Many of those needing caregiving assistance are lower-income and qualify for Medicaid assistance. Elected officials, however, have refused to provide the necessary funding to allow Medicaid to pay adequate wages for direct care workers. In Pennsylvania, the General Assembly feels it is more important to maintain our regressive tax system than to adequately compensate caregivers in order to make the profession more competitive with other careers.
Which brings us back to Bob Hearts Abishola. It is no coincidence the subject of Bob’s affections is a nurse from another country. With the employment picture in the United States continuing to produce more job openings than people able to fill those positions, hospitals and other medical facilities are recruiting in other countries.
Skilled care nurses are in high demand and the hospital where Bob received his care undoubtably went to great lengths to bring Abishola to fill a needed position. And she was available to help provide caregiving to Bob’s mother.

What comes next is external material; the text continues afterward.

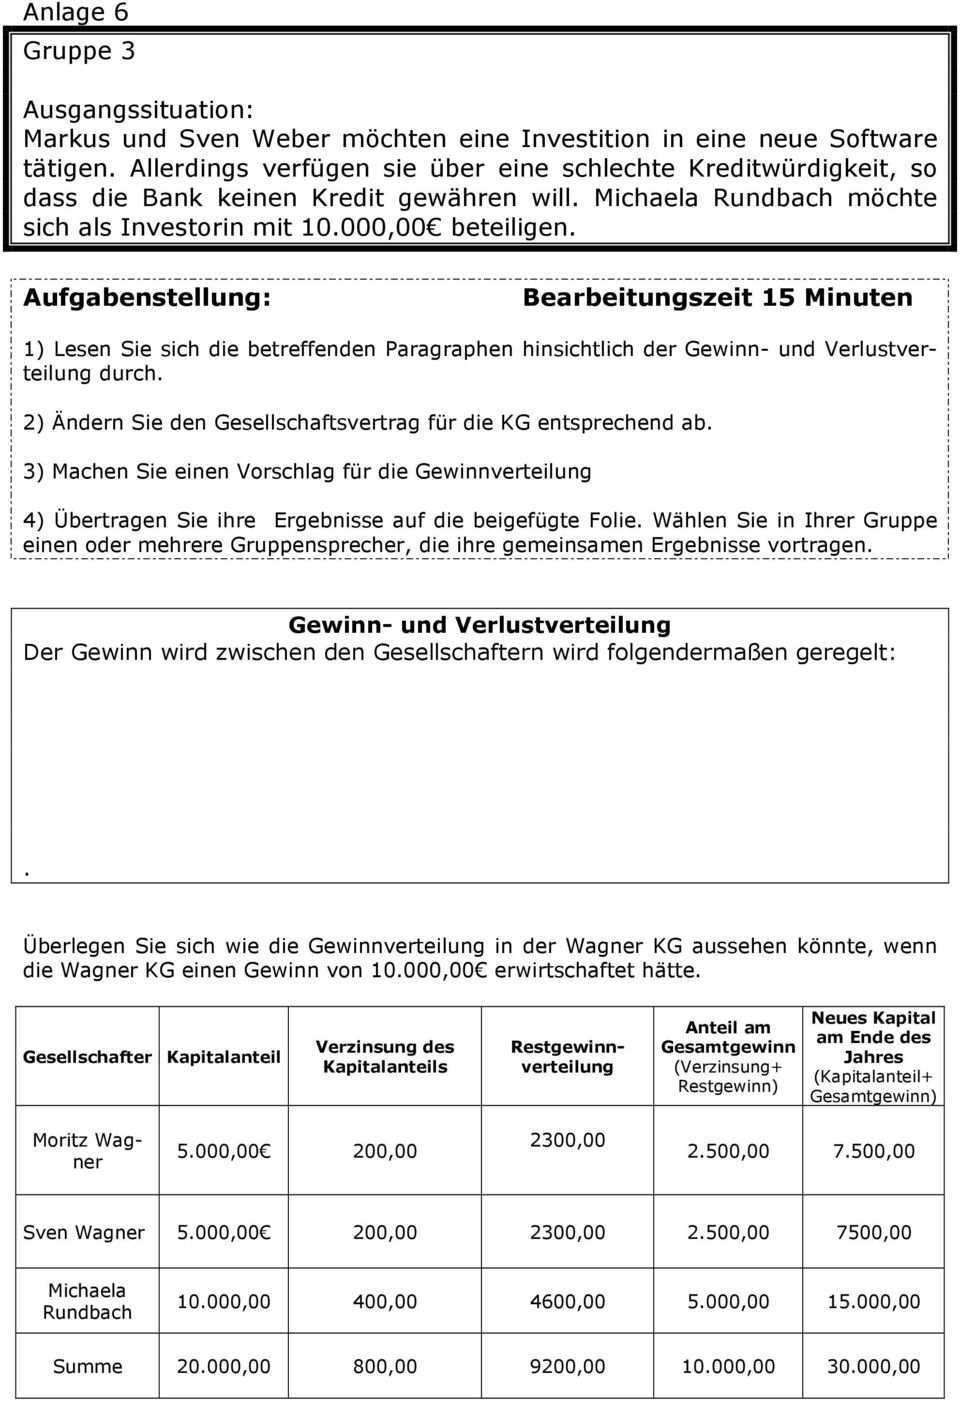 Zentrum Fur Schulpraktische Lehrerausbildung Krefeld Seminar Fur Das Lehramt Am Berufskolleg Pdf Free Download

But most home health care agencies do not have the resources to recruit for caregivers in other countries. And too many elected officials, who will not provide the funding to make caregiving an adequately paid profession for workers in the United States, work hard to discourage immigration and prejudice the United States population against immigrants.
The unfortunate fact, of course, is our history shows it takes little persuasion to turn many people in the U.S. against those from other countries.
At this time of demographic change, we simply cannot continue to refuse to acknowledge the true costs of providing care to our older population and at the same time disparage those from other countries who will come to the United States to fill the growing gaps in our workforce.
Network sitcoms such as Bob Hearts Abishola have a thoughtful, but happy, message to convey. But to truly reflect the reality of our caregiving and immigration situation, this show may need to morph into a tragedy if we continue down our current path.